I am told that that it isn't a "Barbie Doll" it is an "Action Figure"... Whatever kind of action it does is none of my business.... I think Dietmar likes it better than the Caledon medal (he has a billion of those)

He is sure a kick-butt Pre-cub, female, recurve shooter... Cleaned up.... Suck it up girls... second place will have to do from now on.... welcome to our world.

Oh ya, "Old Man Stan" shot in Senior not Master today... guess the decision is made... and ended up second to the reigning World cup and World Champion... not bad for being close to his draw weight...

Rock on...


----------



## Stash (Jun 1, 2002)

Now let me stop this internet rumour right in its tracks RIGHT NOW!!! 

I did NOT have a miniature Barbie doll, or "action figure", or whatever you want to call it, in my bowcase, and I greatly resent any implication that I did.


----------



## Mr. Black Magic (Sep 13, 2007)

Stash said:


> Now let me stop this internet rumour right in its tracks RIGHT NOW!!!
> 
> I did NOT have a miniature Barbie doll, or "action figure", or whatever you want to call it, in my bowcase, and I greatly resent any implication that I did.

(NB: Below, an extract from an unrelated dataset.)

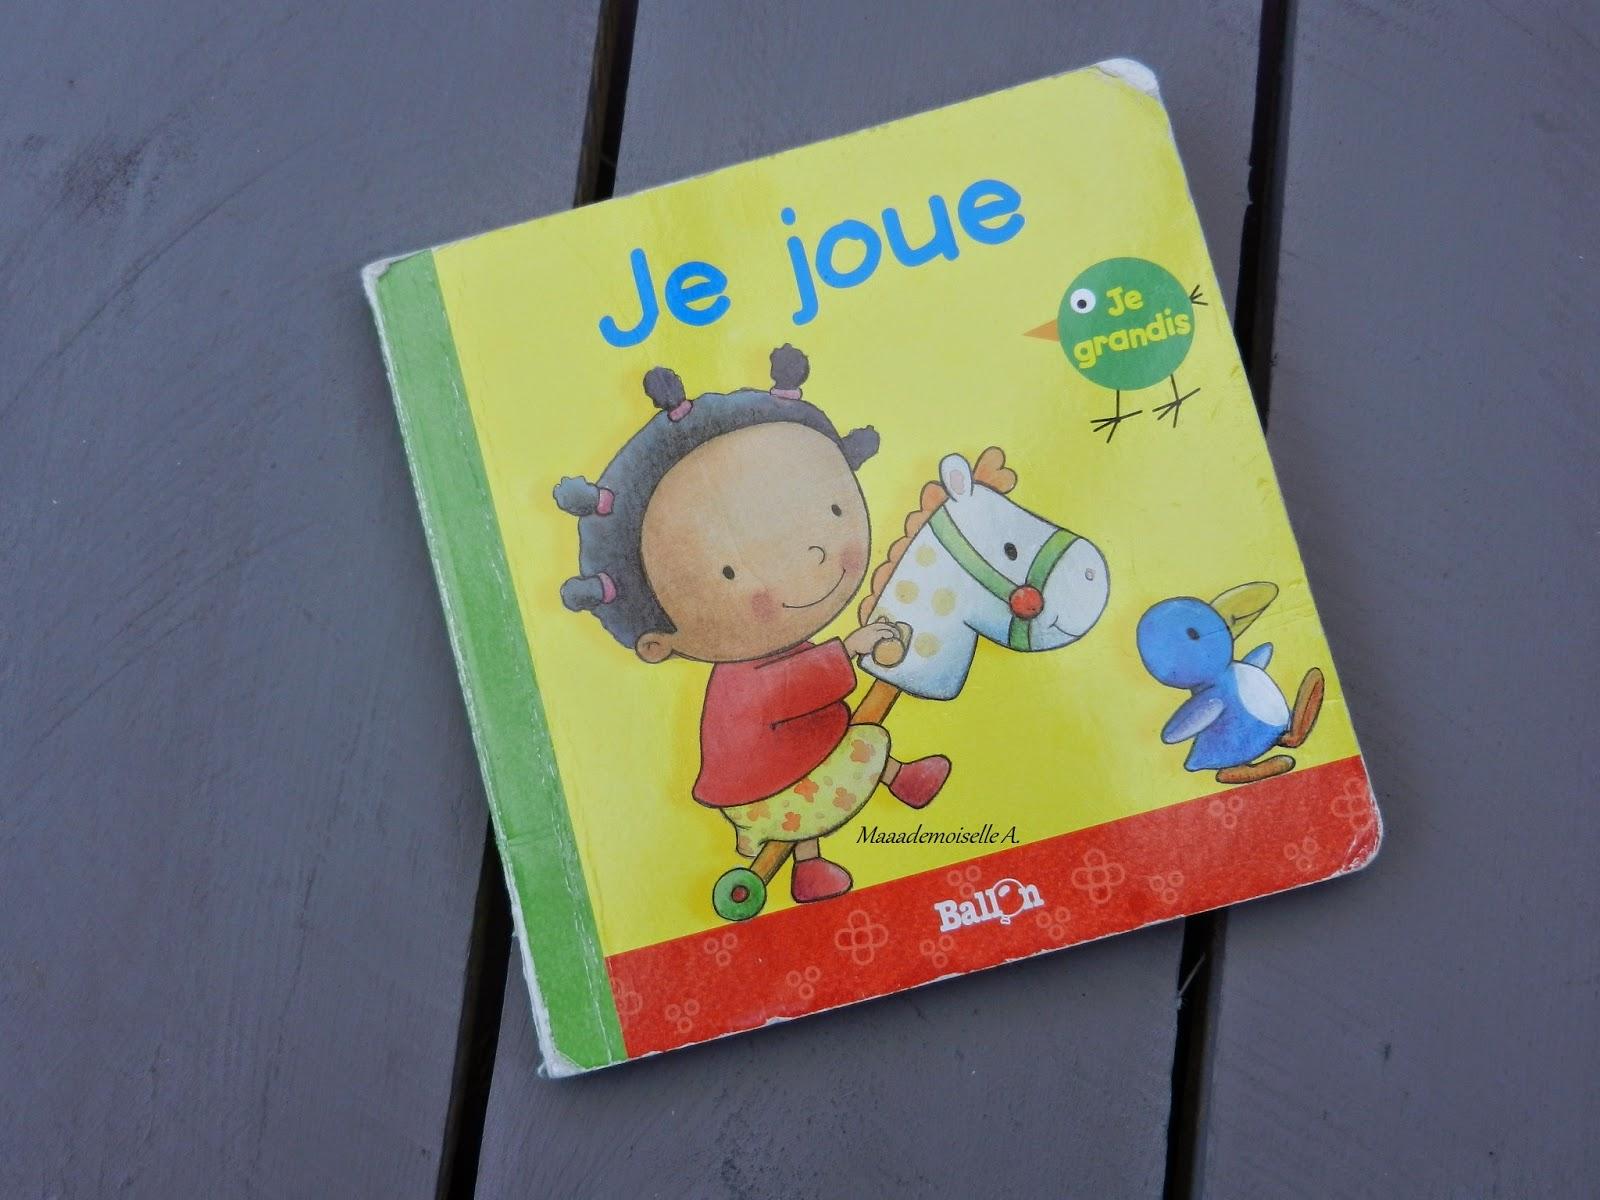 [Livre pour bébé : Présentation & Avis] Je joue [Chut, les enfants lisent #2]

Good heavens! I was unaware there was actually a full size one:tongue:


Personally I'm holding out for Transexual Longbow unlimited class


----------



## Stash (Jun 1, 2002)

Blackie:

Kind of a stretch, but have a look at this... http://nationalhistoricships.org.uk/index.cfm/event/getVessel/vref/1980


----------



## Mr. Black Magic (Sep 13, 2007)

Stash said:


> Blackie:
> 
> Kind of a stretch, but have a look at this... http://nationalhistoricships.org.uk/index.cfm/event/getVessel/vref/1980


Ah, I always wondered what happened to the old MTB's. Brings to mind what Churchill called the traditions of the RN when he was Lord of the Admiralty.


----------



## Moparmatty (Jun 23, 2003)

Stash said:


> Now let me stop this internet rumour right in its tracks RIGHT NOW!!!
> 
> I did NOT have a miniature Barbie doll, or "action figure", or whatever you want to call it, in my bowcase, and I greatly resent any implication that I did.


WHATEVER!!!!!!!

If it wawsn't in your bowcase then where did you pull it from? And please don't tell me your pocket.


----------



## araz2114 (Jan 13, 2003)

Funny, I don't remember mentioning anyone's name other than Dietmar's in this????? Seems that someone is a bit defensive.... hehehe. 

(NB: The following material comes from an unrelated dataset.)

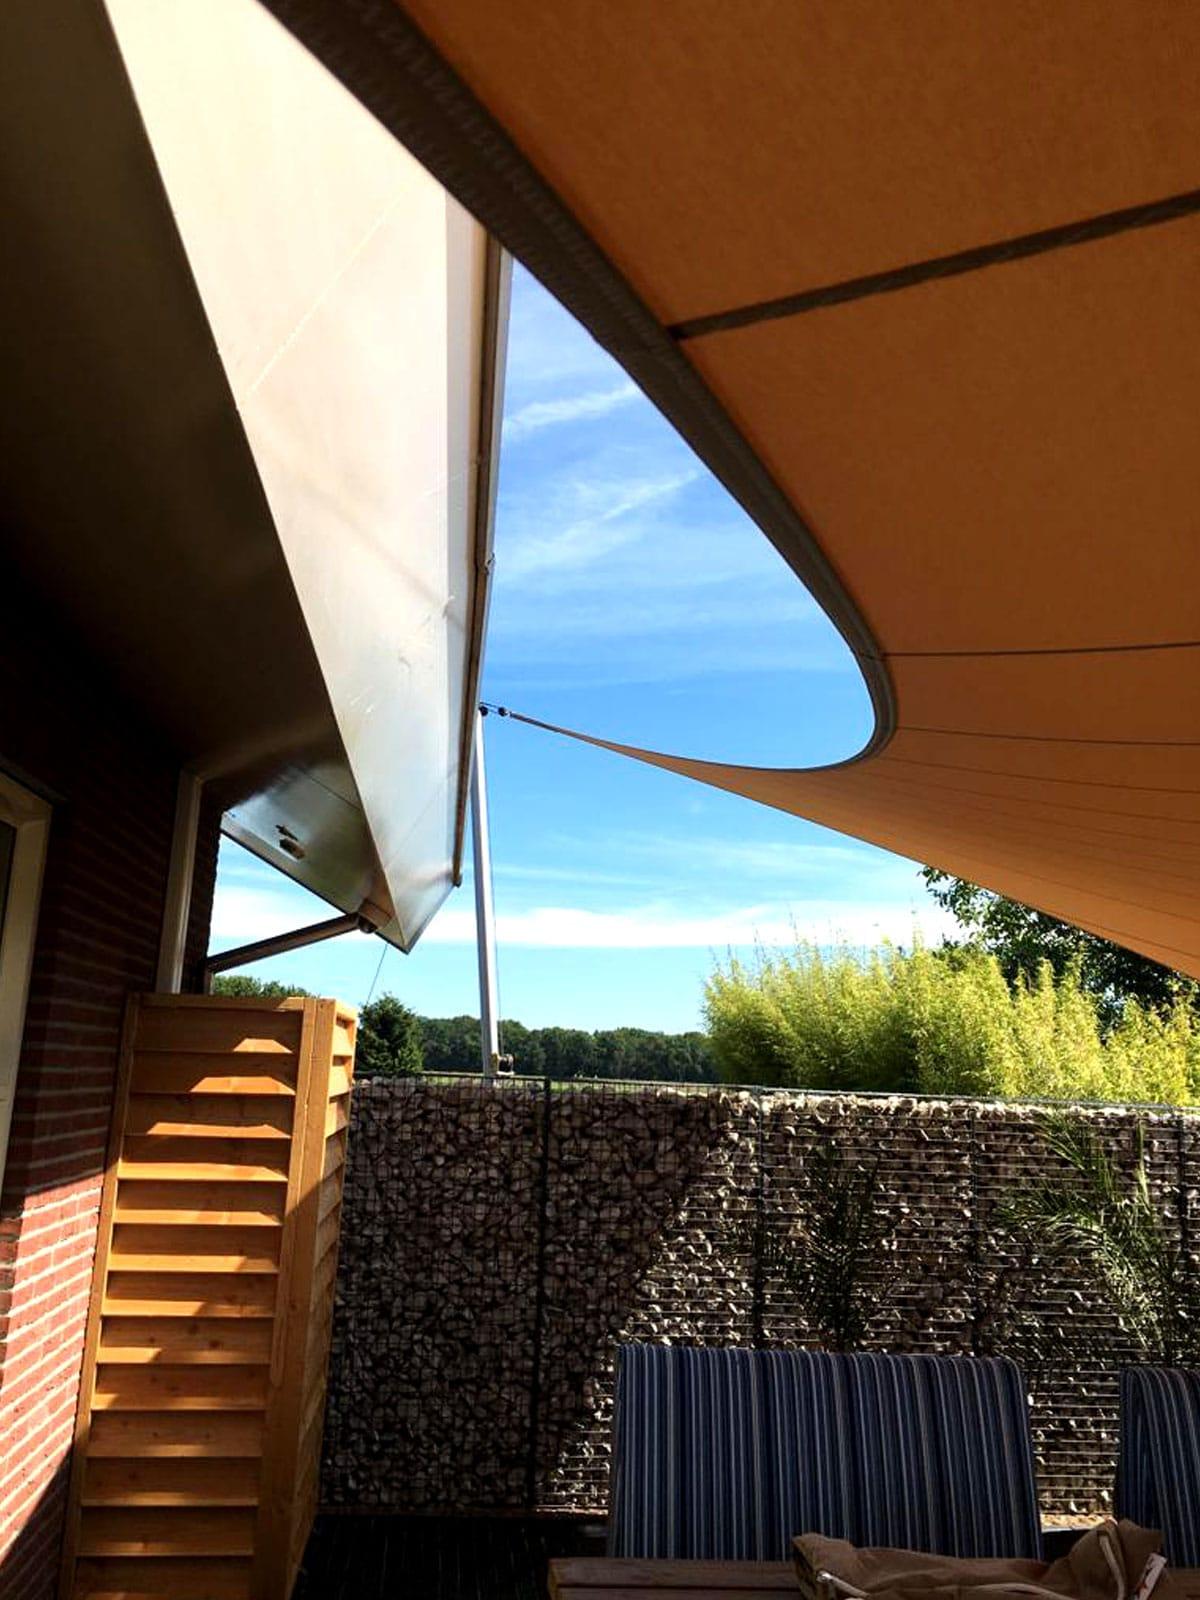 design-zonwering-design-Texstyleroofs-zonwering-zonnezeil-op-maat-schaduwdoek-zeildoek-carport-terrasoverkapping-stormvast

I like it.... and I want a doll like the other cool guys.


----------



## Moparmatty (Jun 23, 2003)

I wasn't going to mention his name to save him the embarassment but he felt the need to out himself and come out on the "D".


----------



## Stash (Jun 1, 2002)

"...and who's trying to decide whether or not to shoot Senior or Masters class..."

Like you were really making an effort to NOT identify me.


----------



## Moparmatty (Jun 23, 2003)

:noidea:


----------